Add Liquid-Cooled Cabinets to SLS

This procedure adds one or more liquid-cooled cabinets and associated CDU management switches to SLS.

NOTE: This procedure is intended to be used in conjunction with the top level Add additional Liquid-Cooled Cabinets to a System procedure.

Prerequisites

  • The Cray command line interface (CLI) tool is initialized and configured on the system. See Configure the Cray CLI.

  • The latest CSM documentation is installed on the system. See Check for latest documentation.

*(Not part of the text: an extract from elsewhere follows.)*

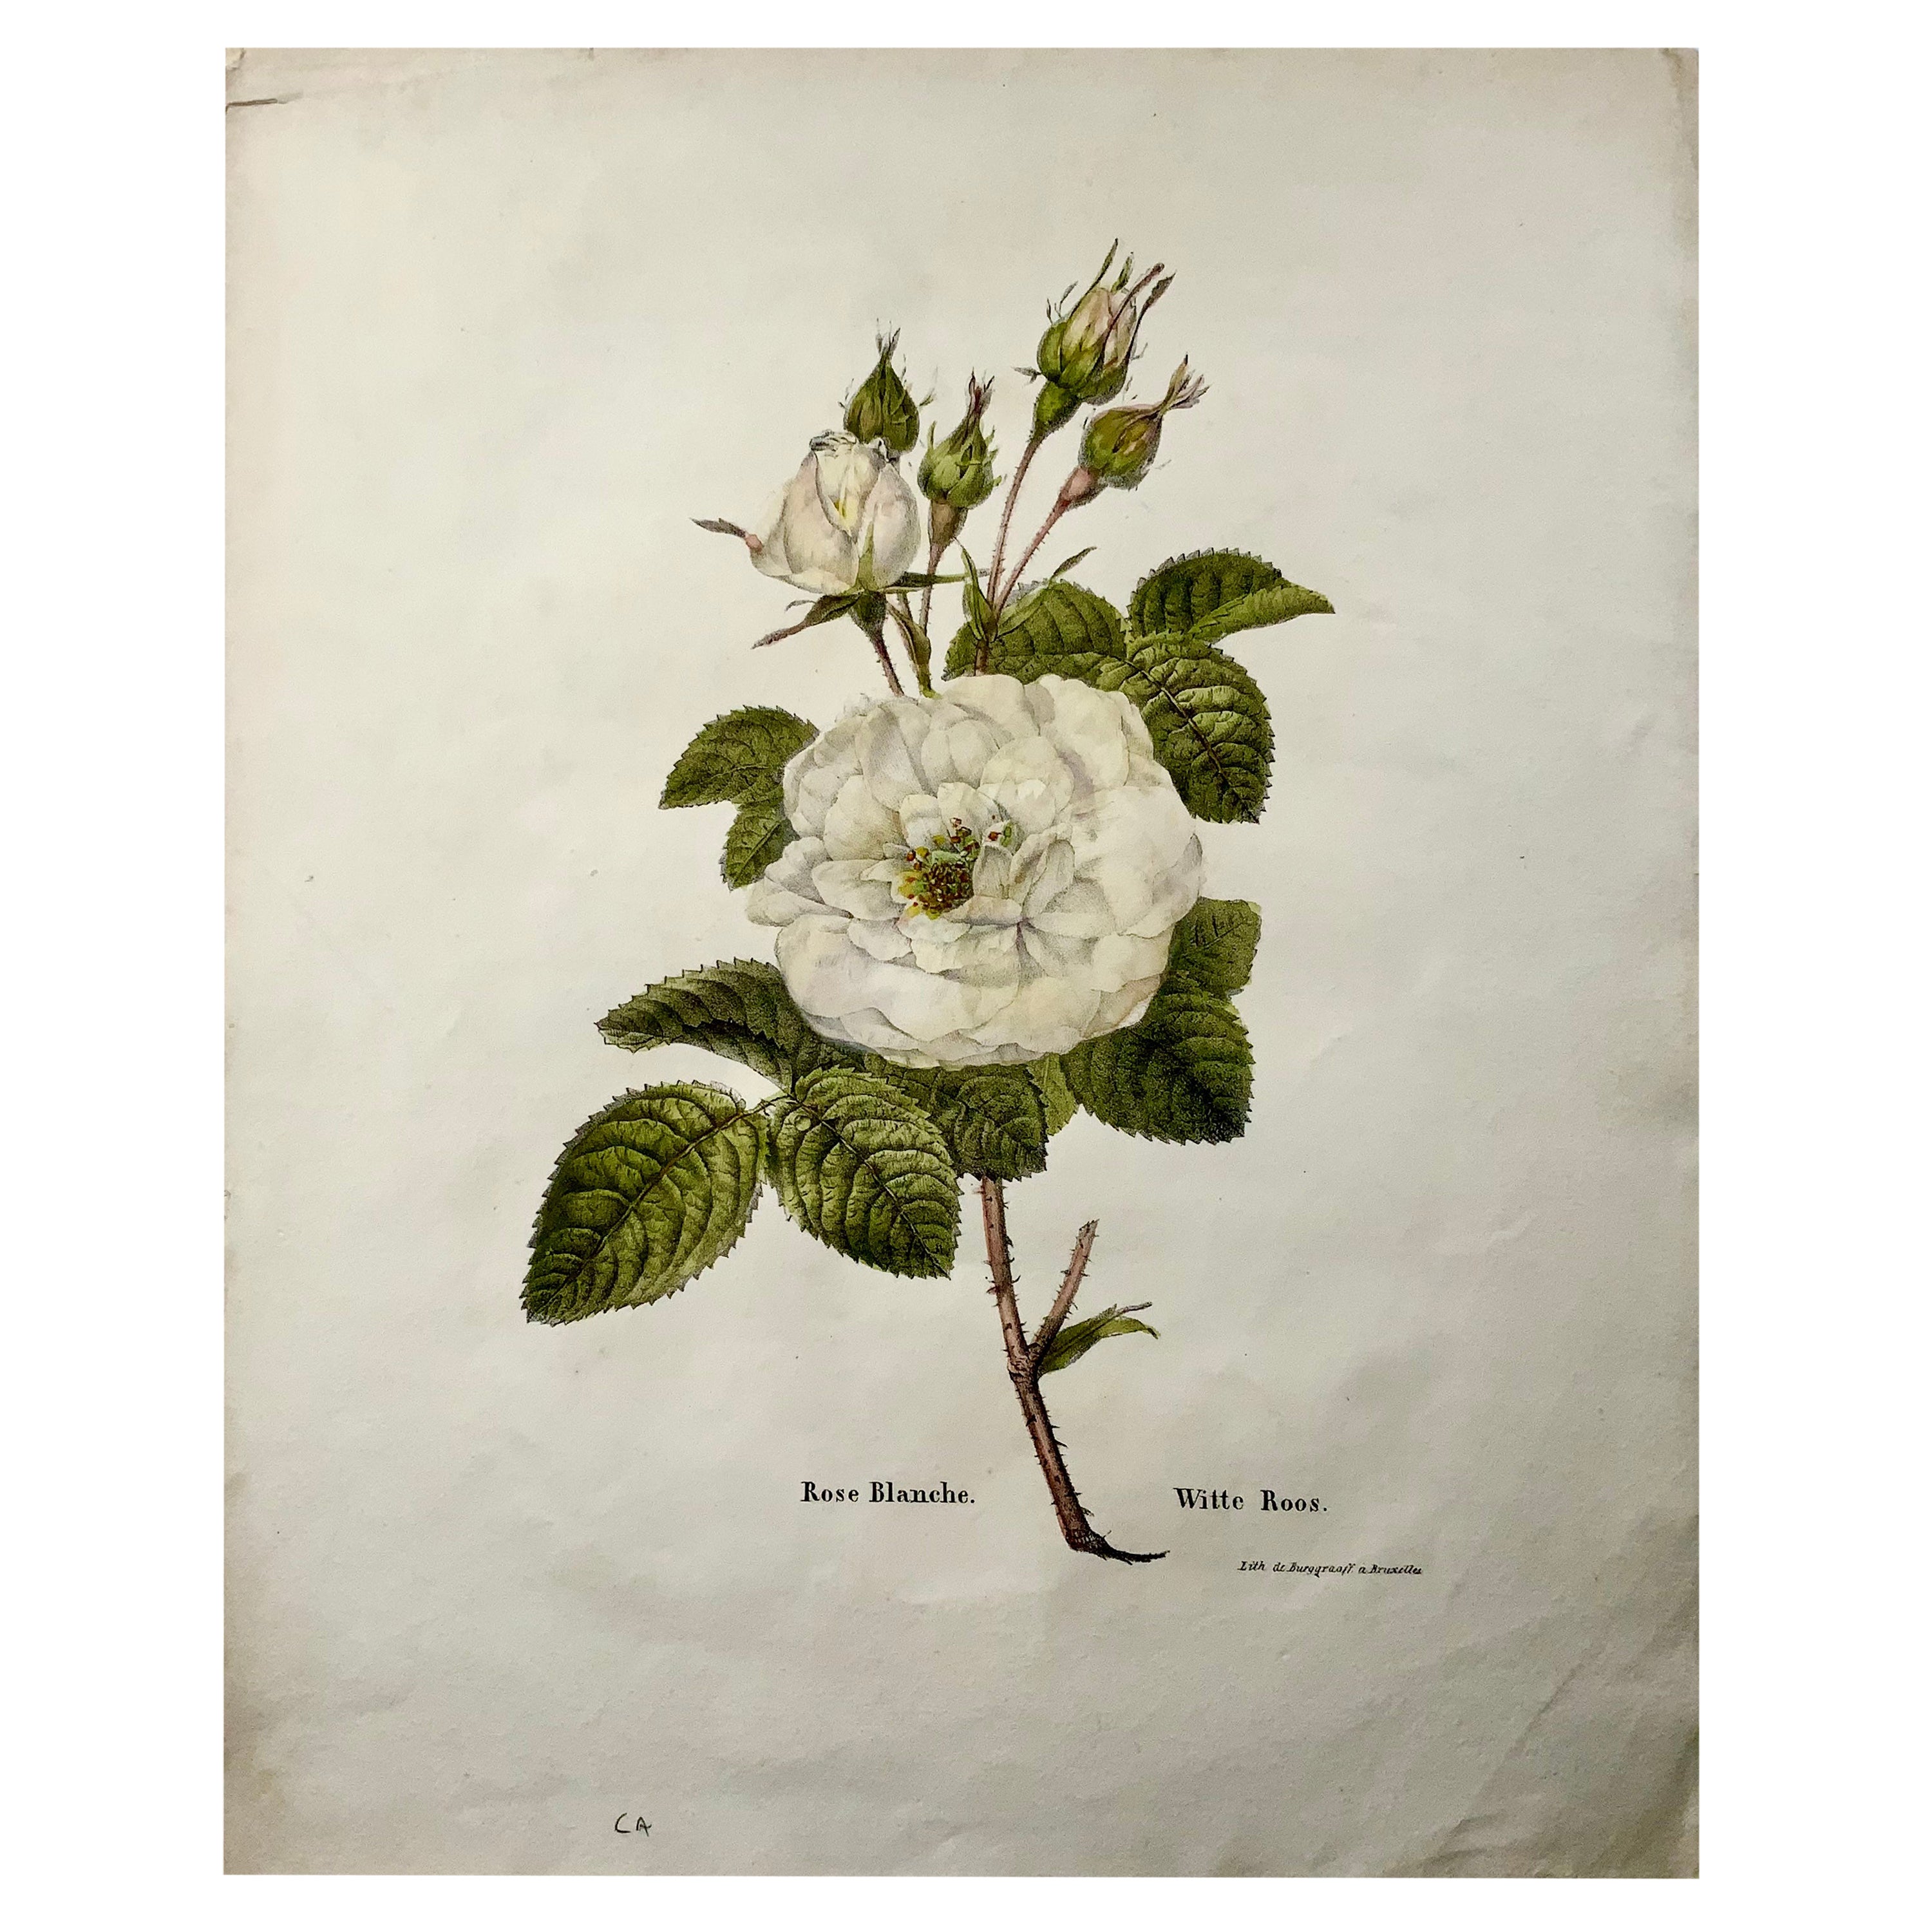 Weiße Rose aus dem Jahr 1820, Lithographie aus Stein von Burggraaf mit handkolorierter Farbe
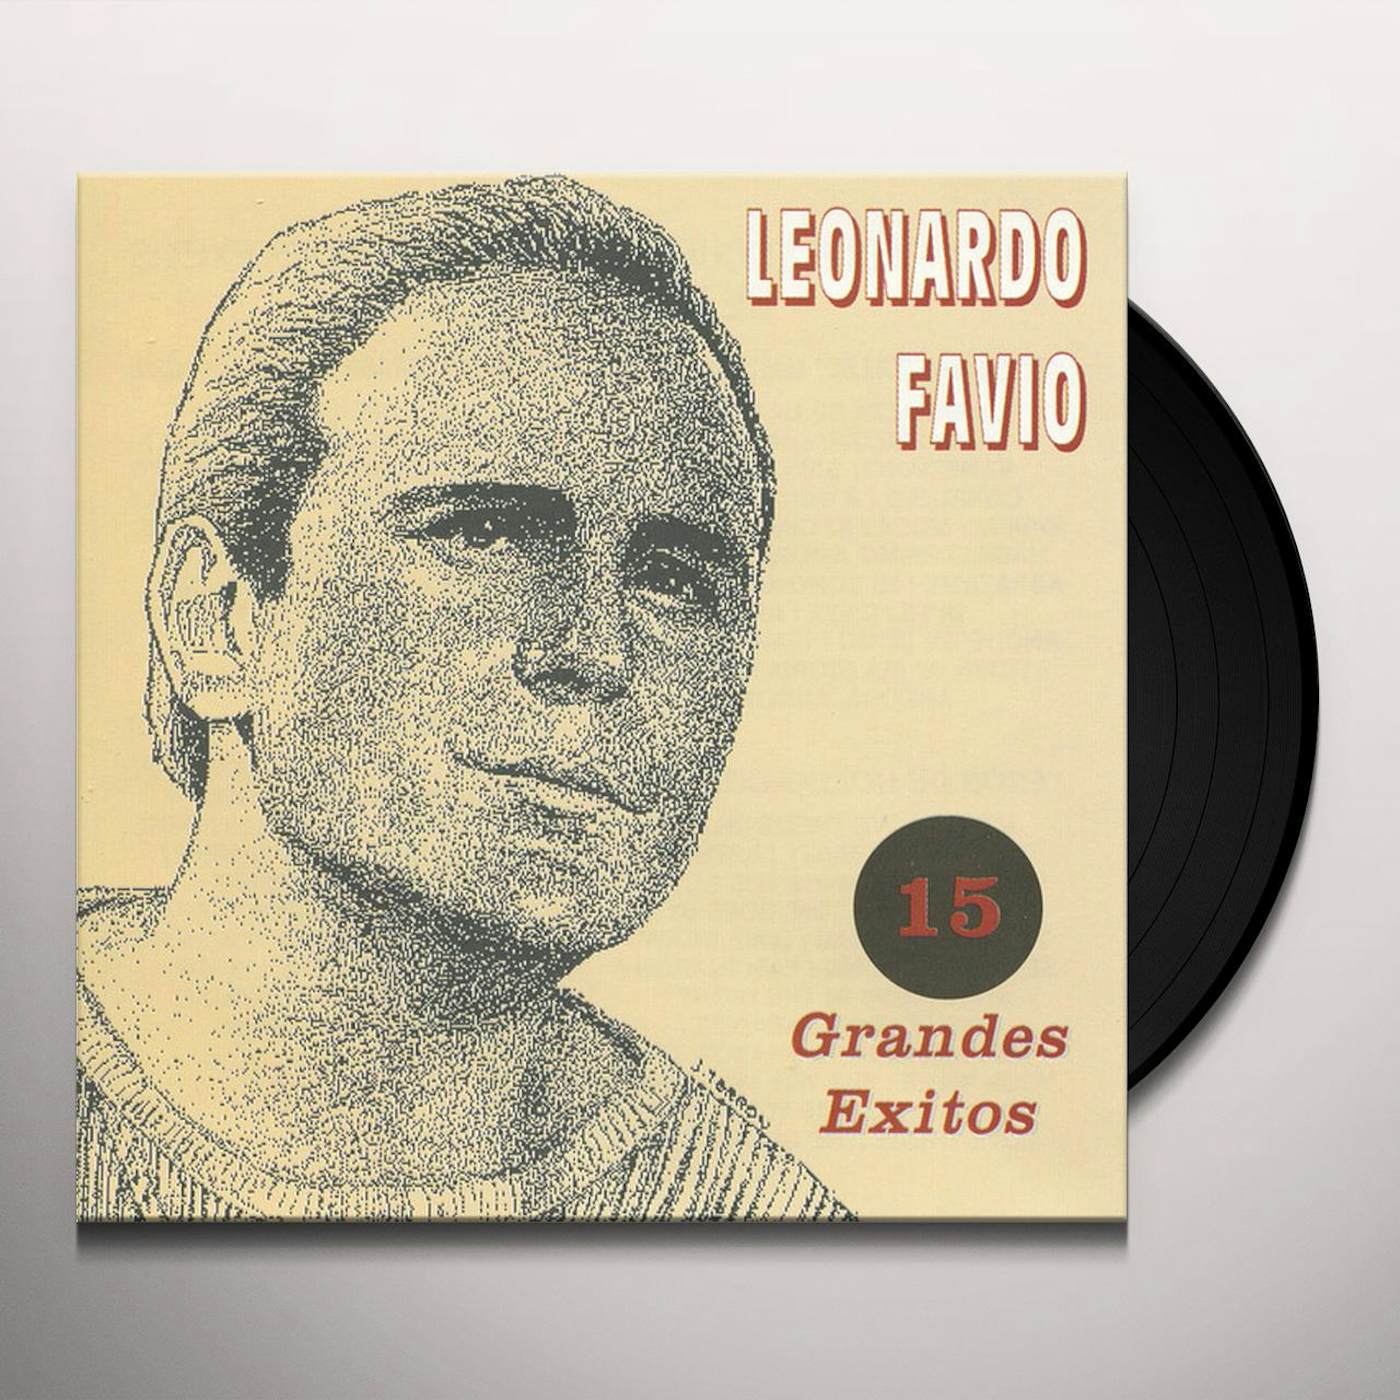 Leonardo Favio GRANDES EXITOS Vinyl Record

  • Collect information for the liquid-cooled cabinets being added to the system. For each cabinet collect:

    • Cabinet component name (xname) (for example x1004)
    • Hardware Management Network (HMN) VLAN ID configured on the CEC (for example 3004)
    • Node Management Network (NMN) VLAN ID configured on the CEC (for example 2004)
    • Starting compute node ID (NID) (for example 2025)
    • Cabinet type: Mountain (8 chassis) or Hill (2 chassis)
  • Collect information for the CDU switches (if any) being added to the system. For each CDU management switch, collect:

    • CDU switch component name (xname) (for example d1w1)
    • CDU switch brand (for example Dell or Aruba)
    • CDU switch alias (for example sw-cdu-004)

Procedure

  1. Perform an SLS dump state operation:

    ncn-mw# cray sls dumpstate list --format json > sls_dump.json
    ncn-mw# cp -v sls_dump.json sls_dump.original.json
    
  2. For each new liquid-cooled cabinet being added to the system, collect the following information about each cabinet:

    • Cabinet component name (xname) (for example x1004)
    • Hardware Management Network (HMN) VLAN ID configured on the CEC (for example 3004)
    • Node Management Network (NMN) VLAN ID configured on the CEC (for example 2004)
    • Starting compute node ID (NID) (for example 2025)
    • Cabinet type: Mountain (8 chassis) or Hill (2 chassis)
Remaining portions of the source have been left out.